Information provided:
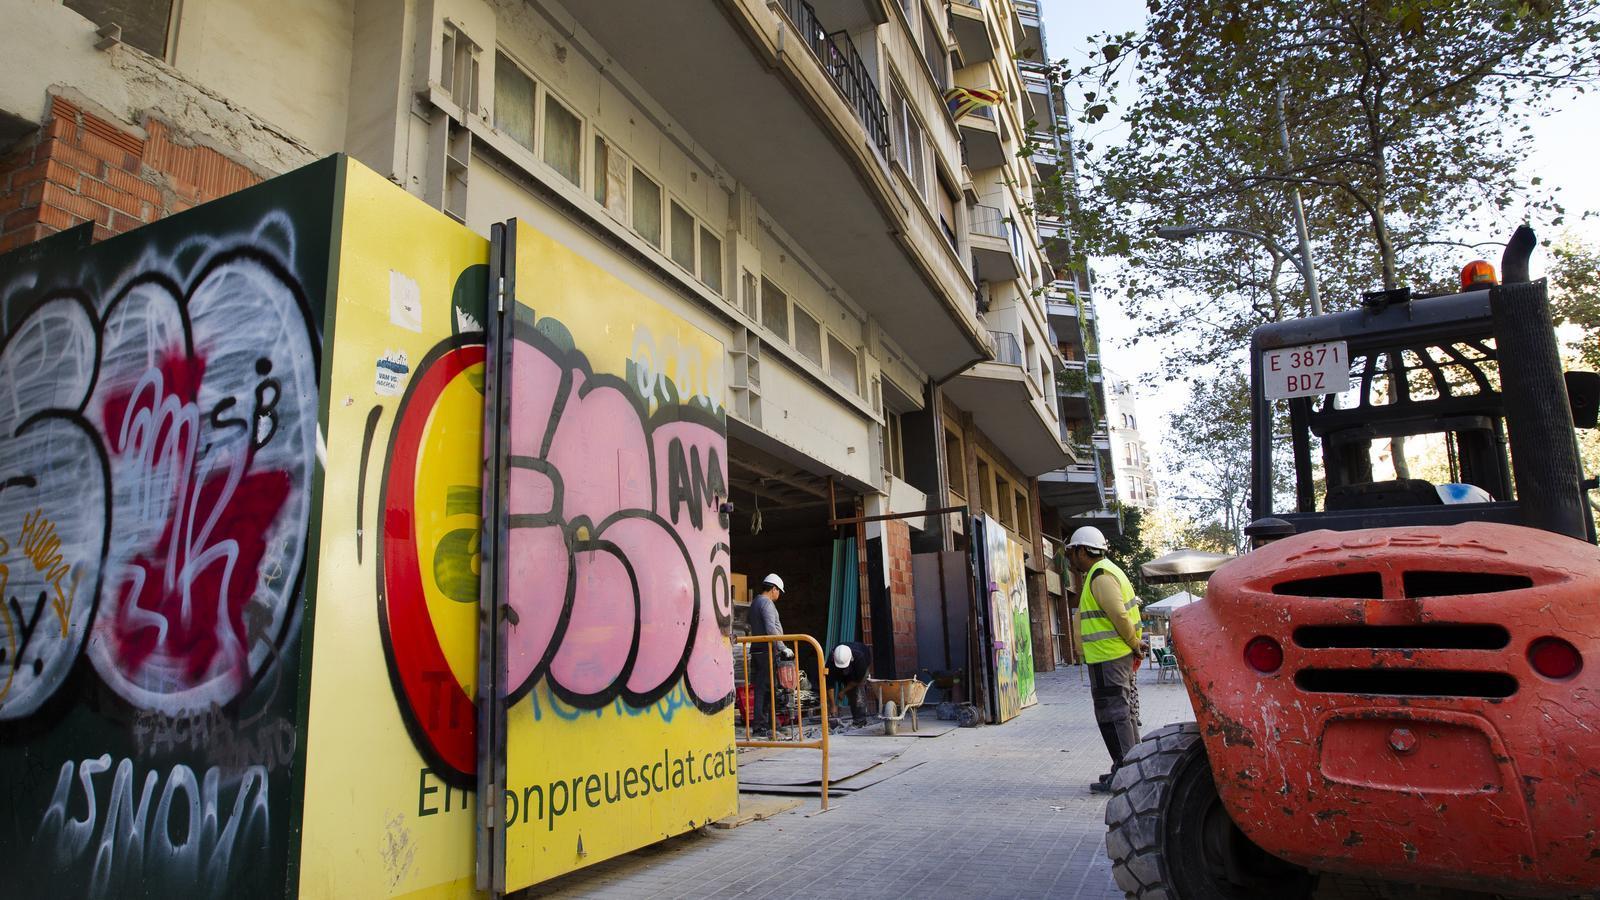 L'antic cinema Urgell de Barcelona reobrirà com a supermercat a final de mes
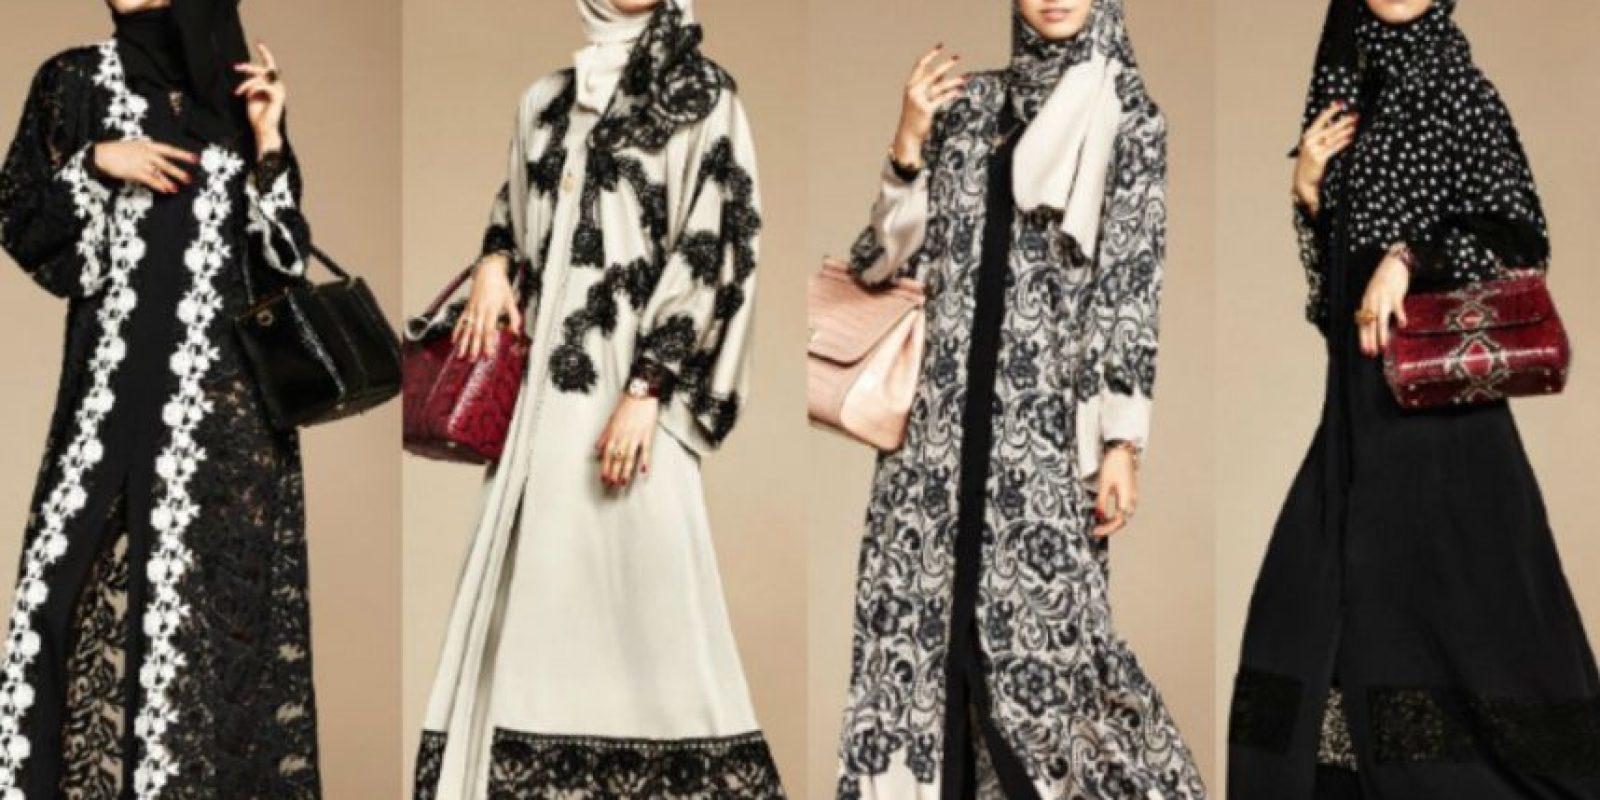 Las musulmanas son las mujeres que representan un mercado poderoso en la moda. Marcas como Dolce & Gabbana pensó en ellas. Foto:vía D y G. Imagen Por:
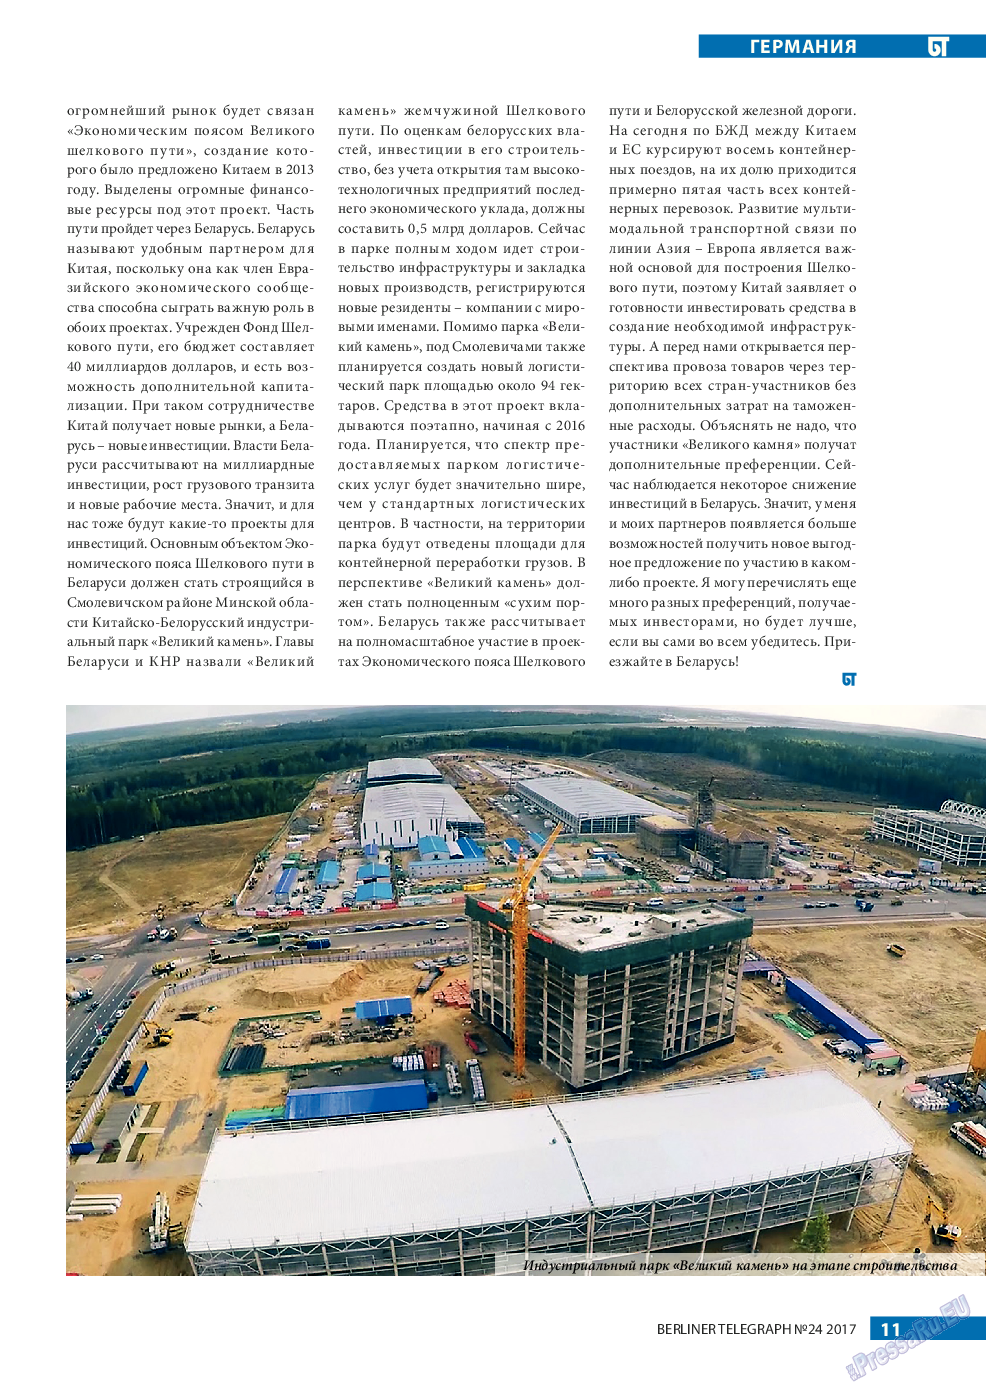 Берлинский телеграф (журнал). 2017 год, номер 24, стр. 11
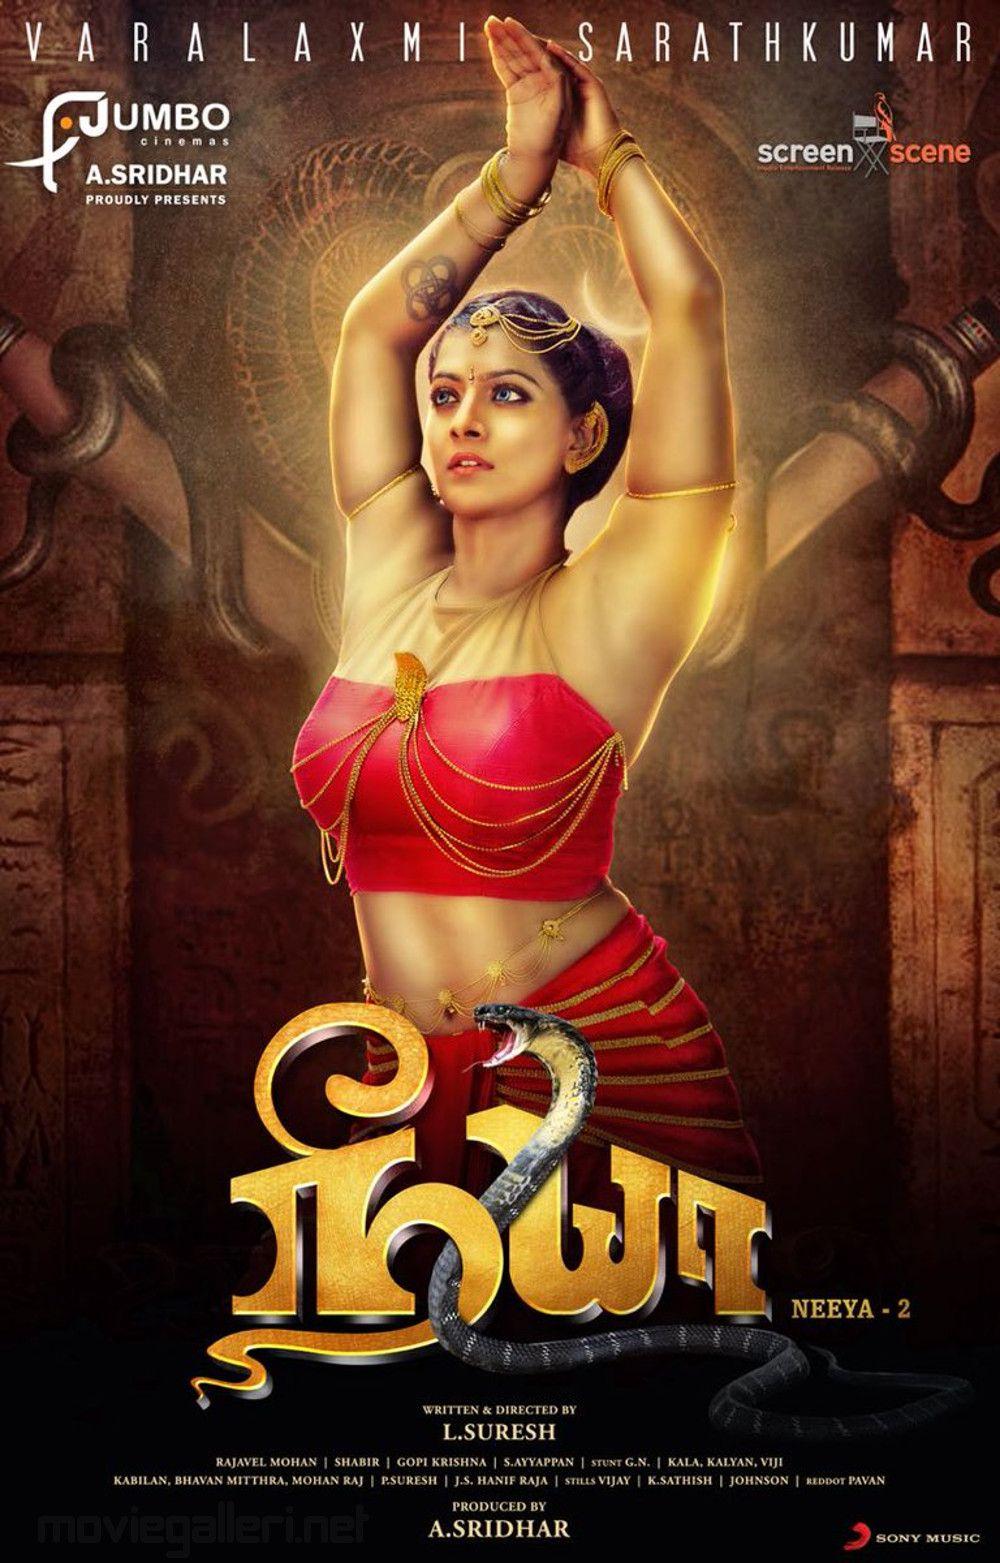 Neeya 2 Movie Poster Tamil Movies 2 Movie South Indian Film

What the task asks: Everything from the line that contains "Las musulmanas son" through the final line of the material should be returned exactly, except the pictures.

Expected answer:
 Las musulmanas son las mujeres que representan un mercado poderoso en la moda. Marcas como Dolce & Gabbana pensó en ellas. Foto:vía D y G. Imagen Por:
 Берлинский телеграф (журнал). 2017 год, номер 24, стр. 11
 Neeya 2 Movie Poster Tamil Movies 2 Movie South Indian Film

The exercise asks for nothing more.